Не прошло и месяца, как он уже все к себе забрал в руки. Ключи от коморы и лёху были у его поганого Яшки. Так что ежели чего захочется Катерине Лукьяновне, то нужно было просить Яшку. Отут-то она в первый раз отроду заплакала, тут-то она увидела своего князя таким, каким его надо было матери видеть прежде. Но она, гордая, и виду не показывала, что все видит. А когда, бывало, придется уже ей до скруту, невмоготу, то она хоть через великую силу, а все-таки улыбнется и поворотит все в жарты (в шутку). А Катруся, моя бедная Катруся, сидит, бывало, в своей комнате и день и ночь, да так рекою и разливается. А он (и это не один раз) приедет в полночь из Козельца пьяный да приведет с собою еврея с цимбалами, всех подымет на ноги. «Танцуйте, кричит, хохлацкие души, танцуйте! А не то всех вас передушу!» Мы, бывало, с Катрусею убежим себе в сад летом, а зимою не раз мы ночевали в мужицкой хате.

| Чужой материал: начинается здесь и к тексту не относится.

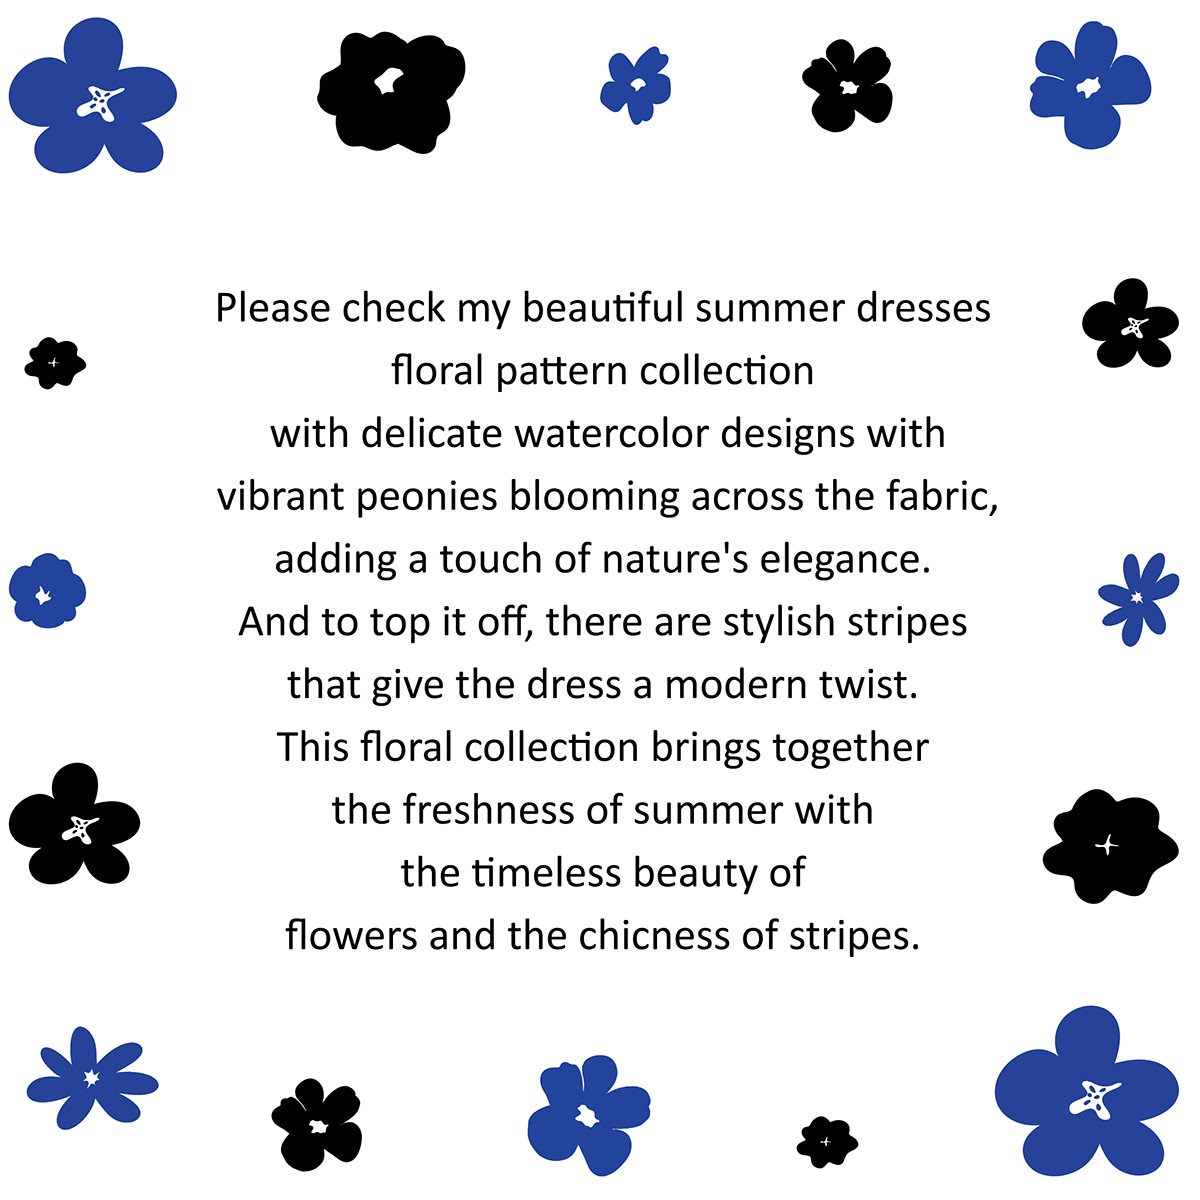 summer botanical illustration Flowers dresses floral pattern seamless Floral design textile fashion illustration botany pattern

— Мне только вот что кажется чудным, — перебил ее хозяин, — как вы не догадалися его пьяного задушить да сказали б, что умер с перепою или просто сгорел.
— Э, так, думаете, и сказать легко! А грех! А страшный суд, Степановичу? Нет, пускай себе умирает своею смертию, бог ему и судья и кара, а не мы, грешные.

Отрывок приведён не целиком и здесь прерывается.